А за окном уже мелькали городские дома, поезд не сбавлял скорости, и Николаю почудилось, что он может врезаться в конечную станцию. Колеса громыхали, как топает дюжина солдат, поднятых по тревоге.
Был громадный пляж. Пустынный и неуютный.
Пританцовывая на месте, она не убегала, и тысячи капель, отяжелевших от прохлады, медленно скатывались по ее плечам. Она только пыталась защититься руками.
Набрав напоследок полную пригоршню, Николай вышел из реки и плеснул водой на Вию. А потом упал навзничь на песок и раскинул руки.
— Благодать. Вия, как вы считаете, что лучше: кровь или песок?
— Песок.
— Эх, поменять бы кровь на песок! Песка все равно больше.
— У вас капитулянтские настроения. Слишком опасно.
— Я и забыл, что разговариваю с сотрудником комендатуры.
— Так и быть, я вас пощажу. На первый раз.
— В сказках глупости разрешается делать три раза. Поэтому вы должны простить меня еще раз: вам действительно хотелось бы… поменять кровь на песок?
Для абсолютной серьезности нужно сесть. Вия смотрела вдаль.
— Один выход, как убежать, я вам могу подсказать. На случай нападения партизан. Видите, там, вдалеке, разрушенное строение? Это водоочистительная станция. Давно вышла из строя. К ней ведет канализация. Подземный ход, связанный с ней, начинается в костеле.
— А если ход завален?
— Вы же солдат, пробьетесь гранатами.
— Счет два-один в вашу пользу.
— Какой счет?
— Вы мне раскрыли секрет.
— Ему по крайней мере двести лет.
— Тогда еще… Вы-то откуда о нем знаете?
— Мой отец был архитектором. Жили мы вдвоем. Мама только-только умерла. Отец искал повод для беседы и всегда начинал рассказывать о старинных знаменитых постройках. Он тоже умер. В первый день войны.
— Поэтому вы оказались здесь?
— Как-то нужно было жить. Я владею несколькими языками.

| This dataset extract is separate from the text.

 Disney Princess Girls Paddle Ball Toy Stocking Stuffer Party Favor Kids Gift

Николай кинулся в воду. Он пытался держаться на поверхности, где вода теплей, но тело все равно стыло, когда плыл, чувствовал себя так, словно скользил голыми животом и грудью по гладенькой льдине.
Когда в голове путаются мысли, их рассекают ножом холода.

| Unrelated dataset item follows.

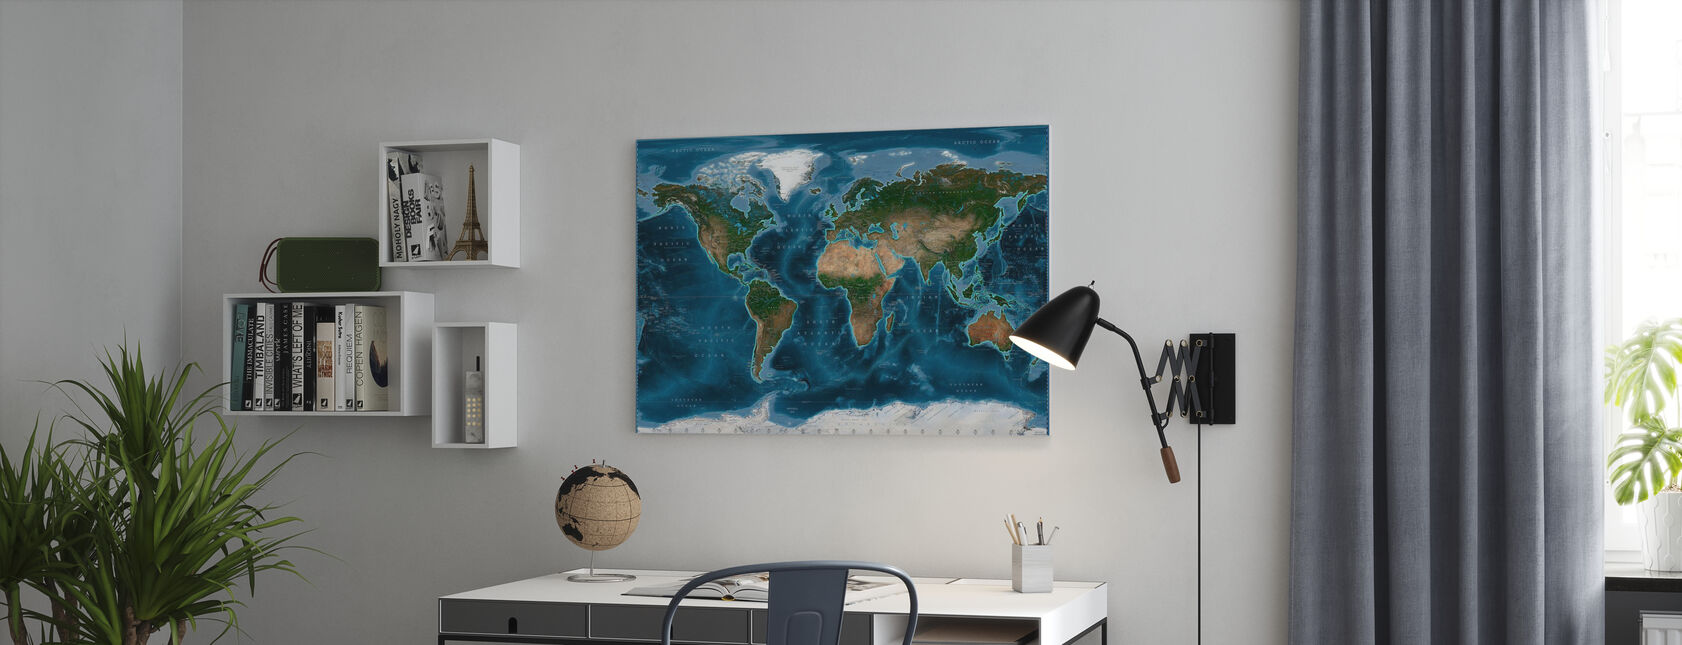 Satelite Karta - Canvastavla - Kontor

Он заплыл в заросли, нащупал ногами дно и начал ломать камыши.
Вия удивилась, но букет темно-коричневых палочек, казавшихся замшевыми, порадовал ее. Если их подбросить, звенели в воздухе, словно проволока.
— Мне пора. Разрешили до двух часов. Приехала какая-то комиссия из Берлина…
— А вам она зачем?
— Вечеринка. Нужно переодеться.
— И как долго?
— Начало в шесть.
— Пир во время чумы… Вы пользуетесь доверием, если приглашают на такие встречи.

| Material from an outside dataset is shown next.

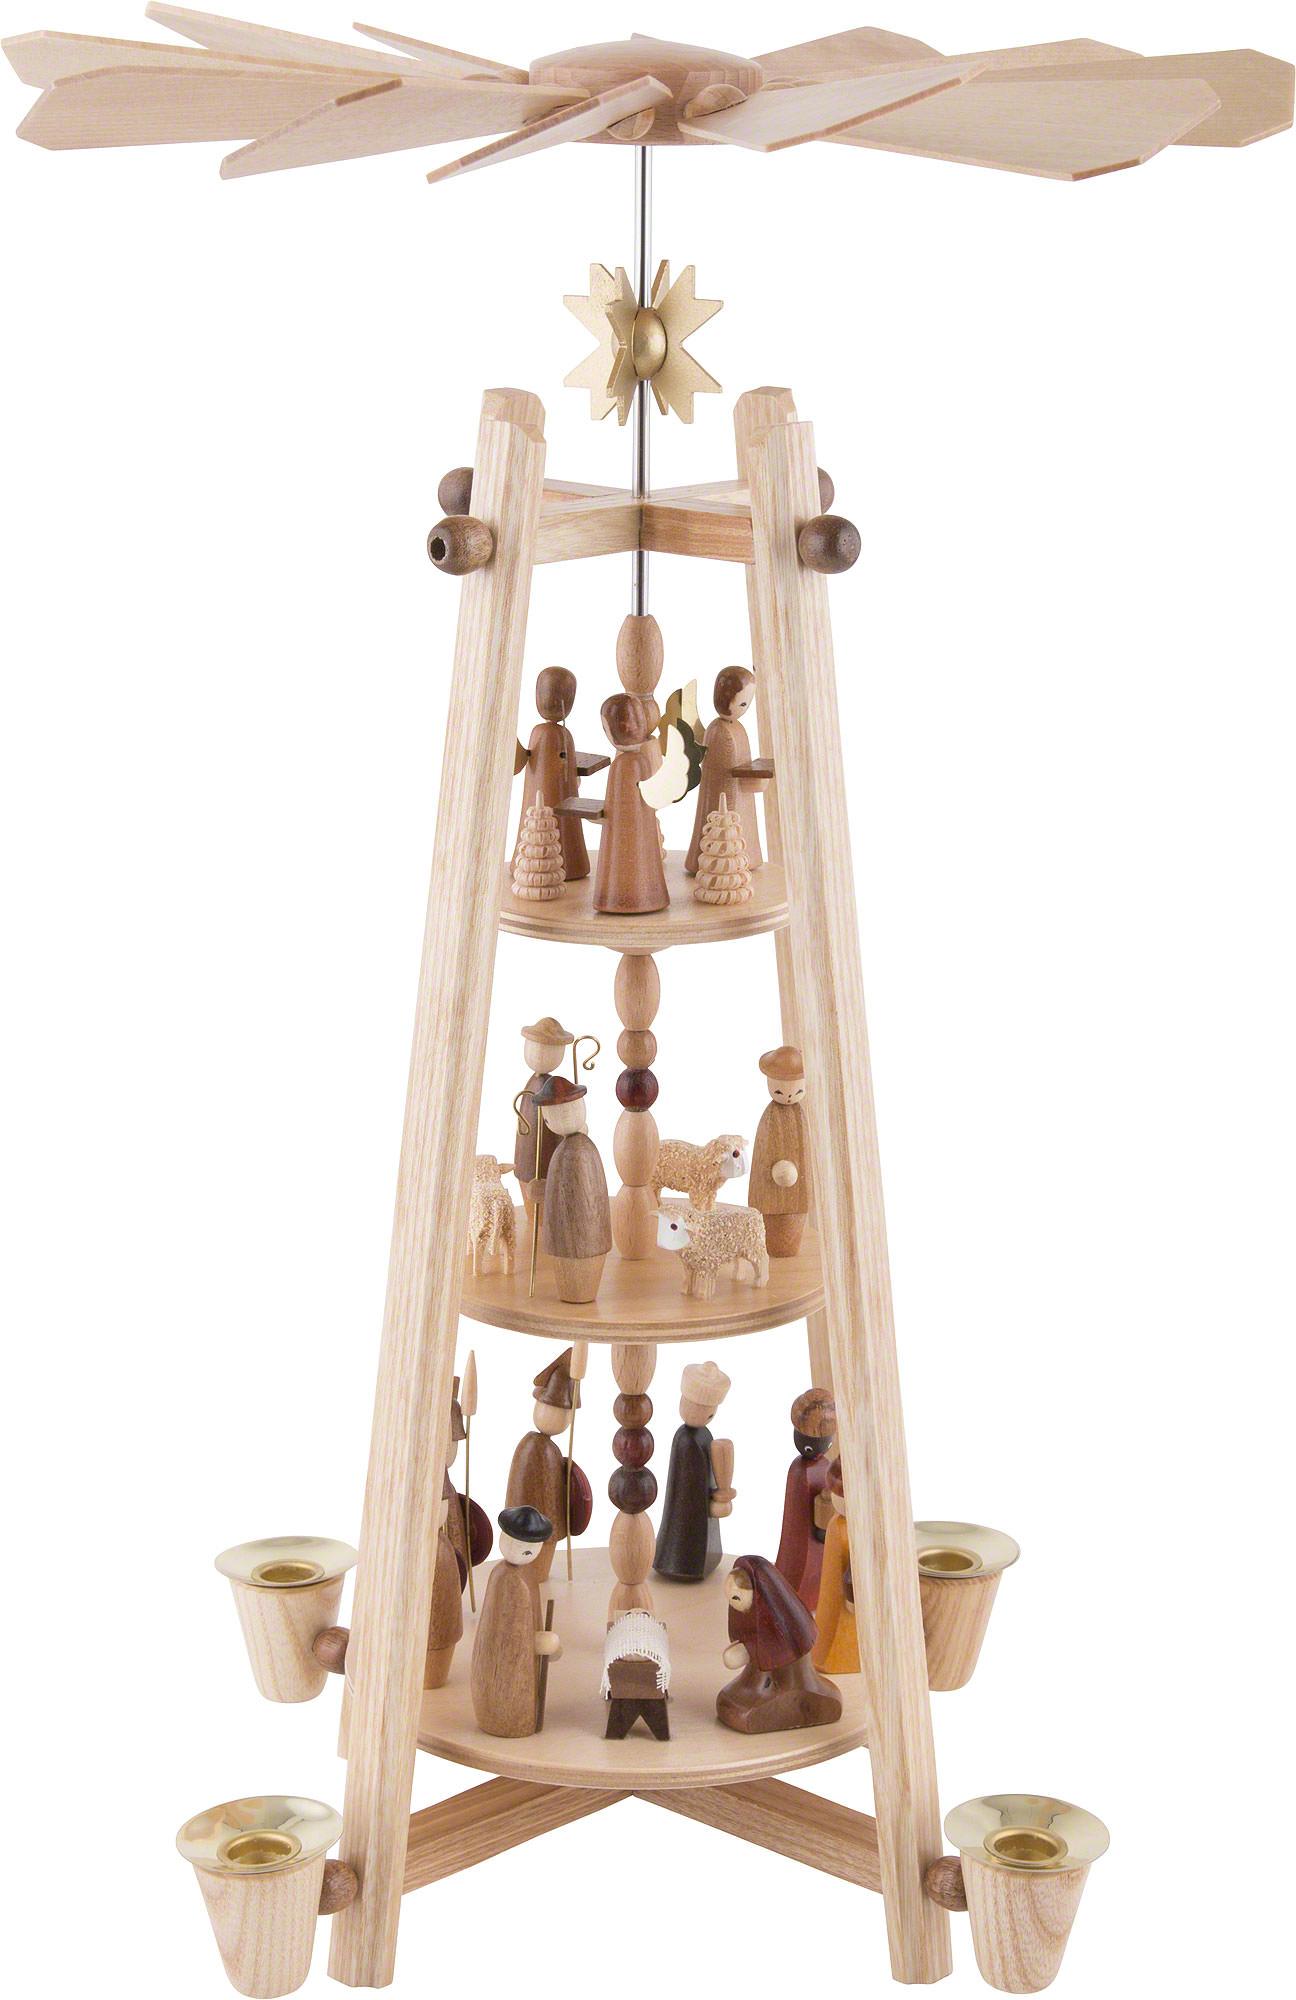 3 tier pyramid nativity scene 44 cm 16in by dregeno. Black Bedroom Furniture Sets. Home Design Ideas

— Просто не хватает женщин.
— Вия…
— Я убегу оттуда в девять. Может, и раньше. Вот вам ключ, у меня есть второй… Приходите ко мне домой.
…В квартире Вии хлопцы сидели и лежали, где придется, немецкая форма сильно помялась, а ничего не бывает противней, чем мятая, пыльно-зеленая немецкая форма.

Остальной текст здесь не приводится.